RECORDS FOR THIS EXERCISE
BEGIN
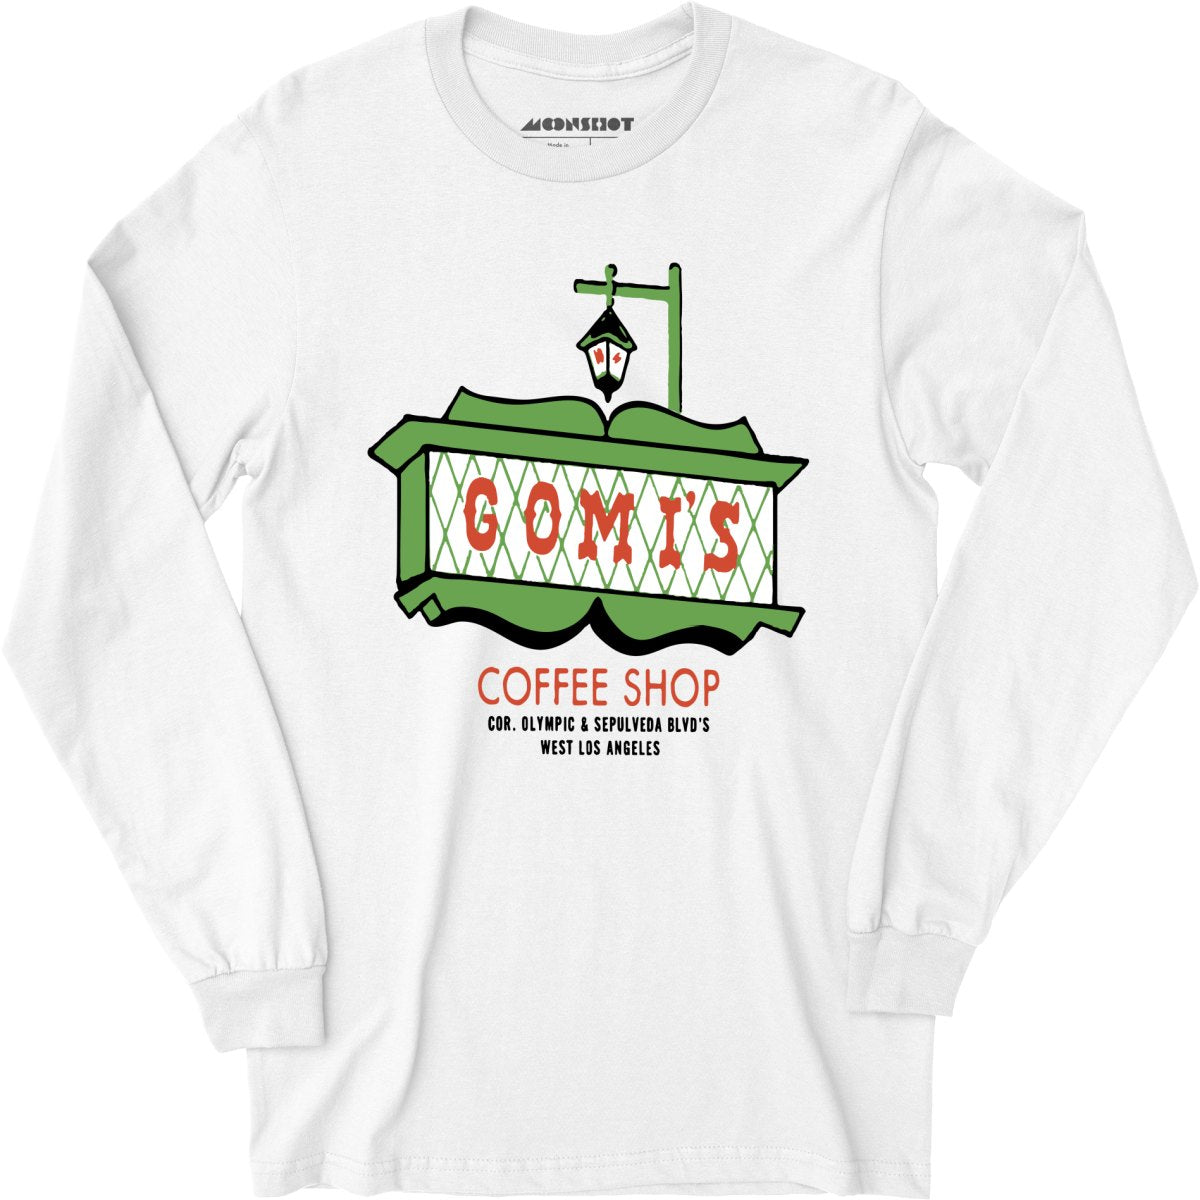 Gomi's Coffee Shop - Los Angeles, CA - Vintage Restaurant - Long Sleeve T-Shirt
END
BEGIN
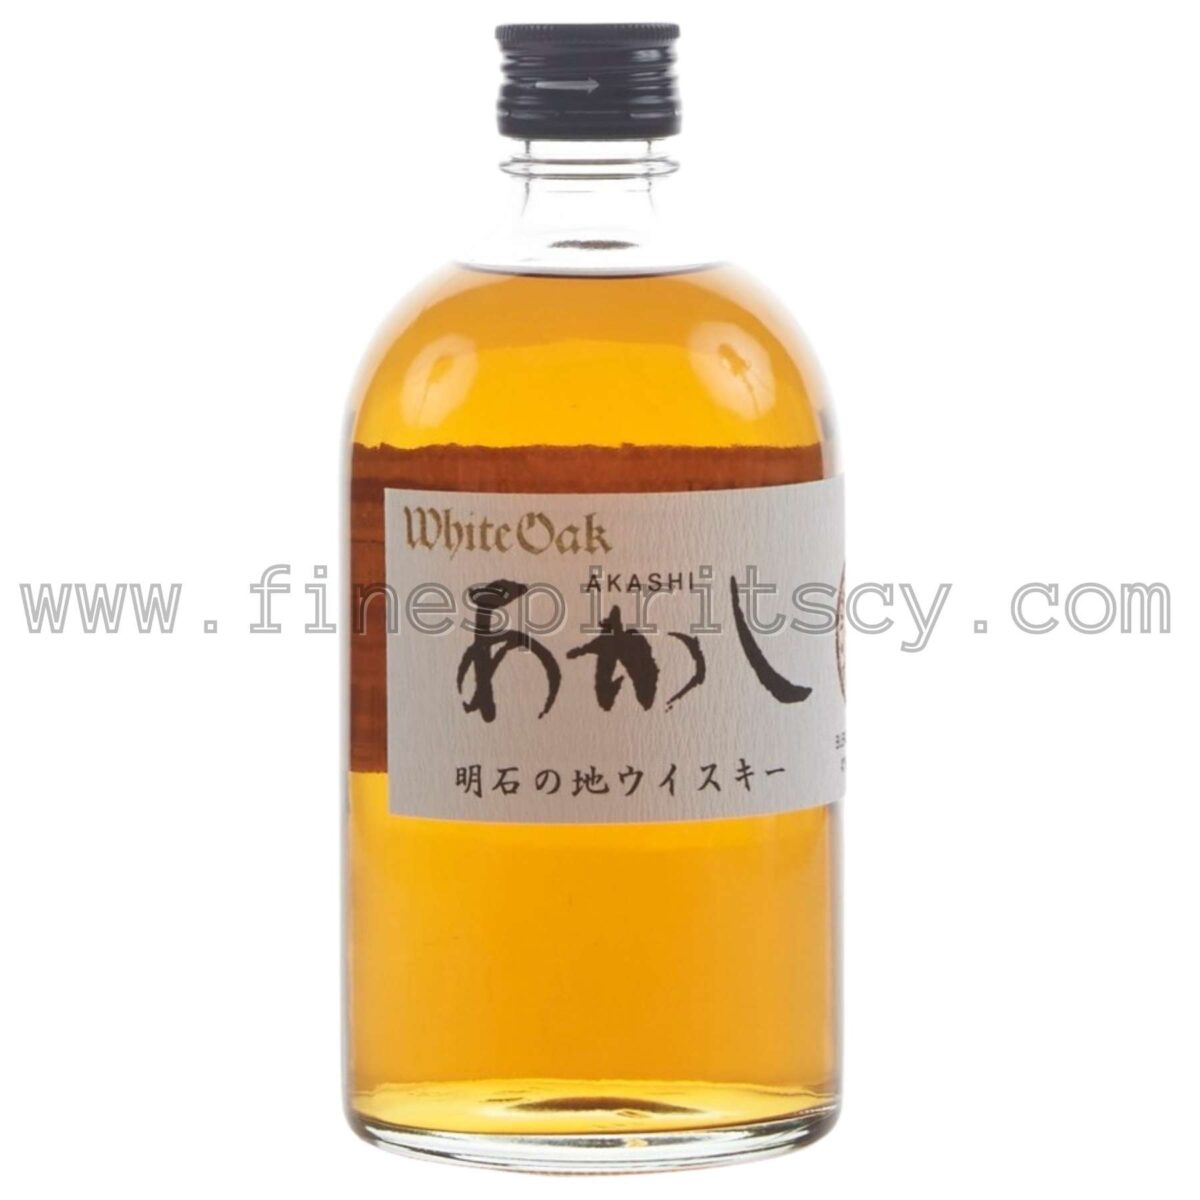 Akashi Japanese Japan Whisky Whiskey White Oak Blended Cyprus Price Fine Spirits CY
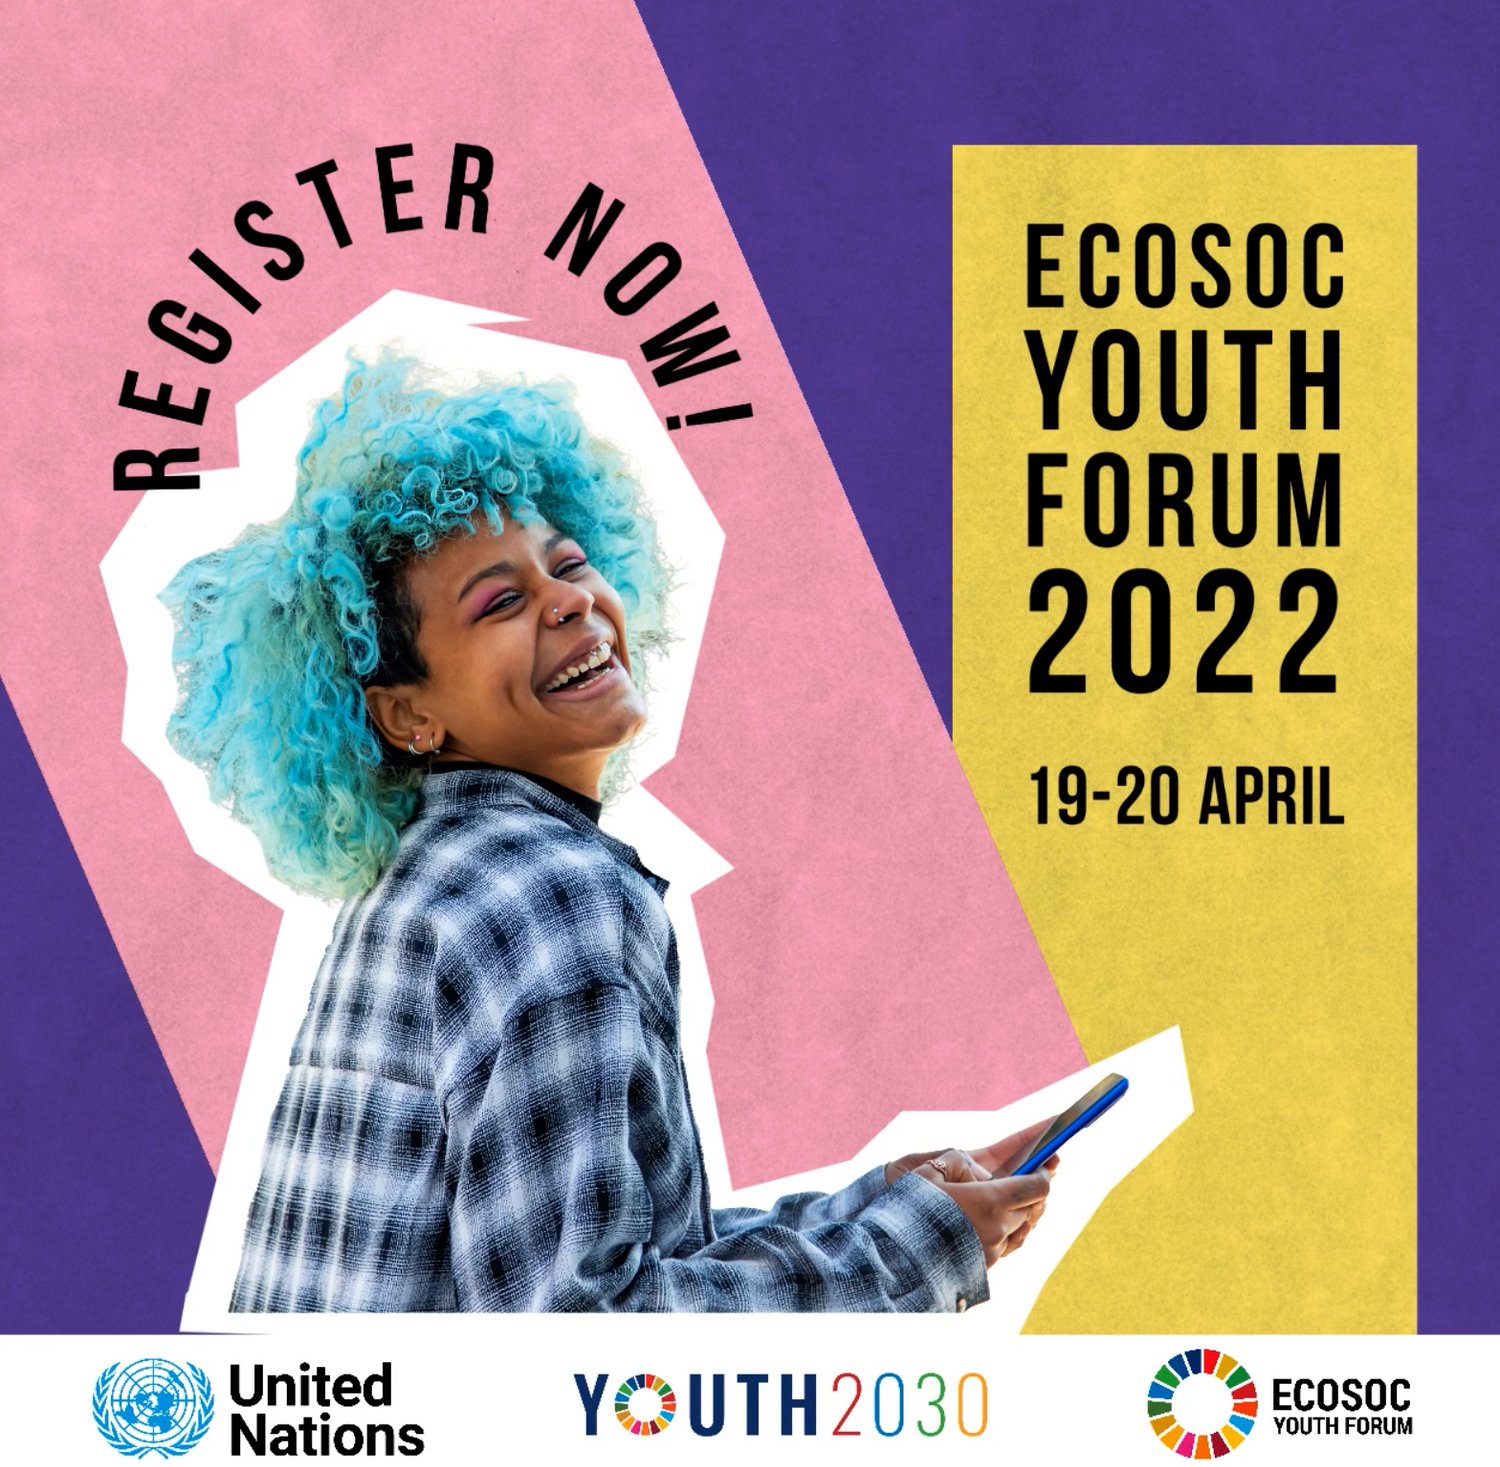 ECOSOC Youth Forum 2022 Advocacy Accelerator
END
ACTION ITEM
The output is the stretch above from the line with "Akashi Japanese Japan" through the line with "ECOSOC Youth Forum 2022 Advocacy Accelerator", copied word for word with both ends kept and every picture dropped.

ANSWER BOX
 Akashi Japanese Japan Whisky Whiskey White Oak Blended Cyprus Price Fine Spirits CY
 ECOSOC Youth Forum 2022 Advocacy Accelerator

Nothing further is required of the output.